Councillors granted planning permission for the Jolly Sailor Inn in Castletown, Portland, to become a 16-bedroom care home for adults with mental health problems.
Councillors gave the plans delegated approval subject to a reduction in size of a proposed balcony to ensure it is brought back level with the building.
Concerns had been raised by residents about the amount of noise that might come from the balcony, the committee heard.
Councillor Kevin Hodder, a member of Weymouth and Portland Borough Council’s planning committee, said: “To me the balcony is the only thing that’s wrong with it.
“We can’t sit here as a planning committee and say no one’s going to use the balcony after 11pm at night as we don’t know that.
“Everything else is fine and everything that’s been put forward is fine.”
The building will be three storeys high in the middle and will also have single and two-storey elements. A report to the committee said that the pub has been shut for five years.
It said alterations will be made to make the care home wheelchair accessible and the home will provide 24/7 staffed care.
Alterations will be made to provide communal space, kitchen, office, stairway and bathrooms at ground floor level.
The first and second floor bed and breakfast rooms and manager’s accommodation associated with the public house would be altered to provide ten bedrooms.
It also includes a rear bedroom extension and is supported by planning officers who say that the suitability of the building and its location is not a planning matter.
Former Portland mayor Kris Haskins is among those who objected to the scheme.
He suggests Castletown is a ‘totally unsuitable’ area for such a facility given there are four other pubs and hotels nearby.
Mr Haskins adds in a letter: “The Jolly Sailor is also one of the oldest buildings in Castletown and is of historical importance.”

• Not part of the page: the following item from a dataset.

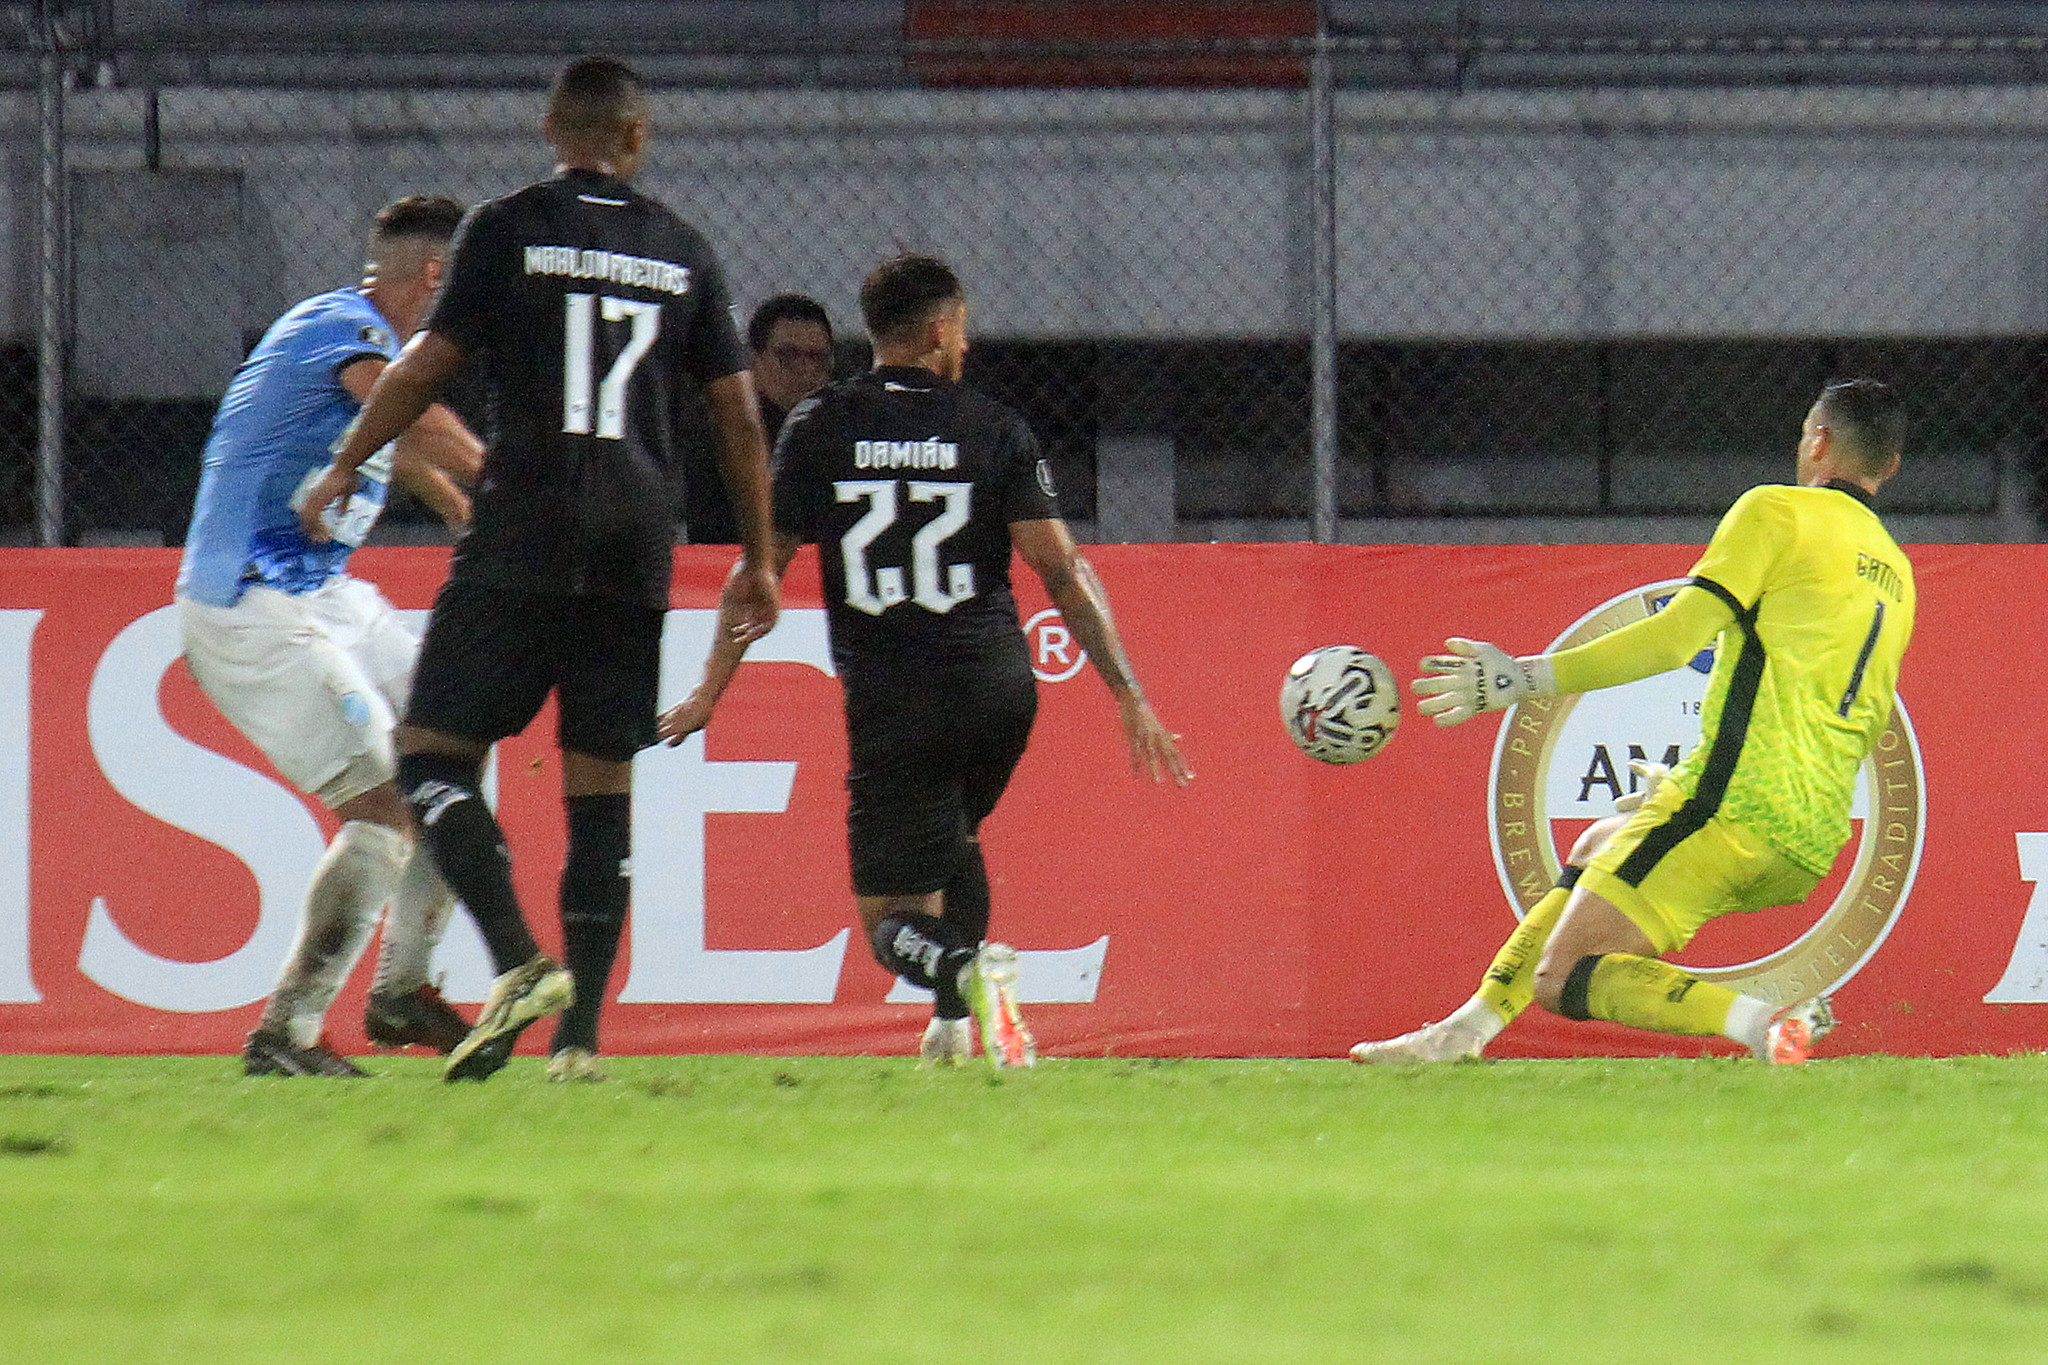 Gatito fazendo uma defesa diante do Aurora (Foto: Vitor Silva/Botafogo)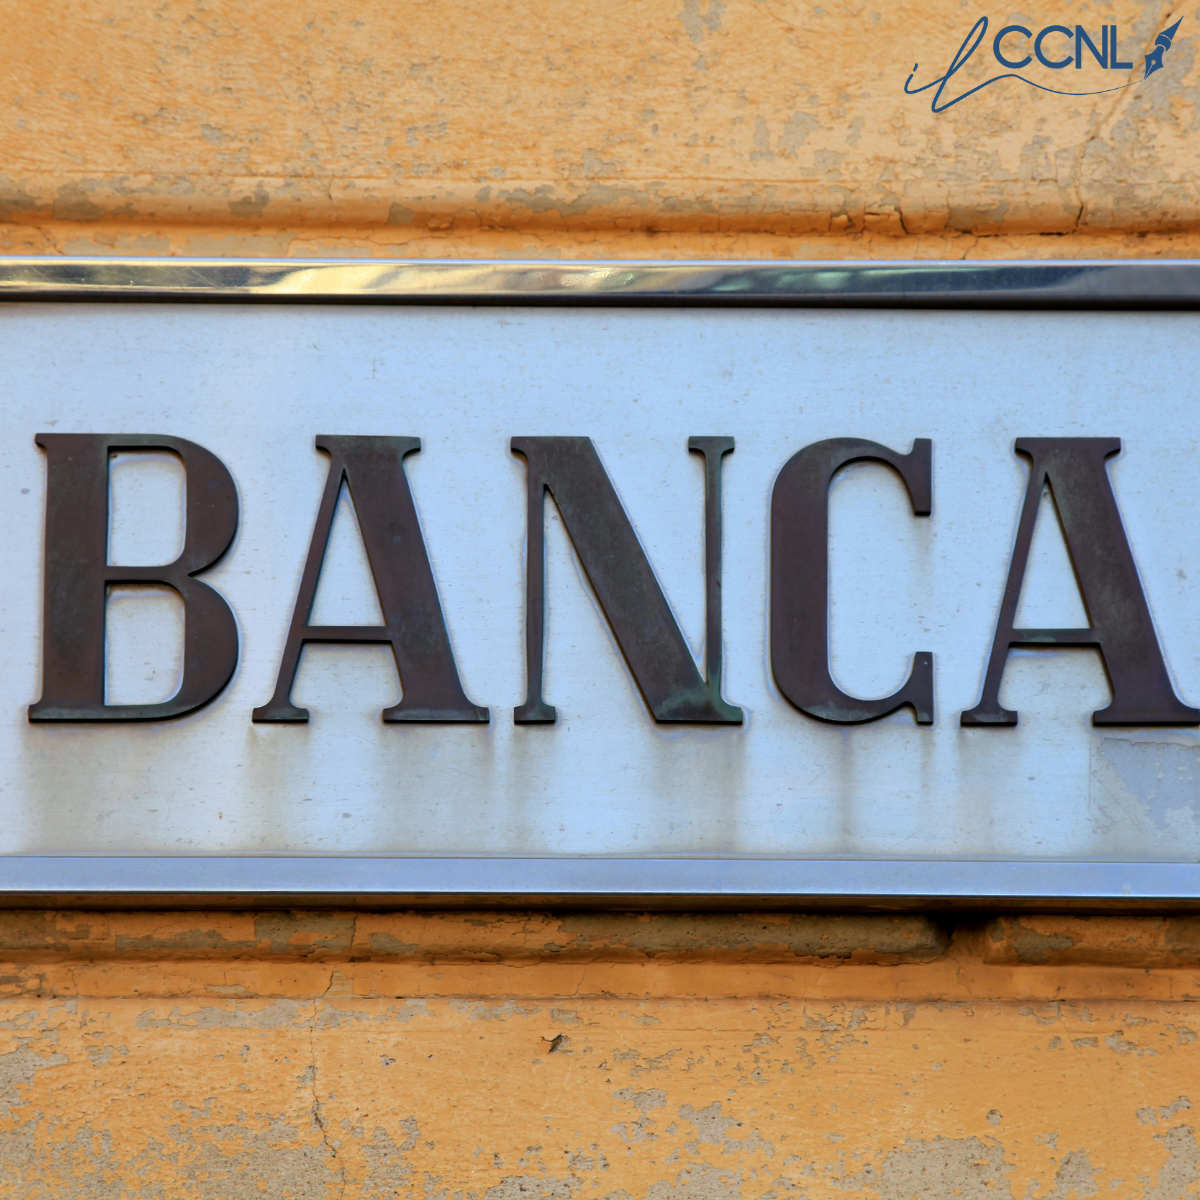 Banche di Credito Cooperativo - Casse Rurali ed Artigiane: Aggiornamento minimi contrattuali:

A resident’s letter was read out to councillors in the meeting in support of the conversion.
It said: “The Jolly Sailor has become an eyesore and needs to become something other than a pub.
“I think it would make a splendid care facility.”
Councillor Ray Banham told the meeting: “I’m quite happy with what I saw on site.
“The only thing that did come up was the balcony situation.
“In general I can’t see anything wrong with this development at all.”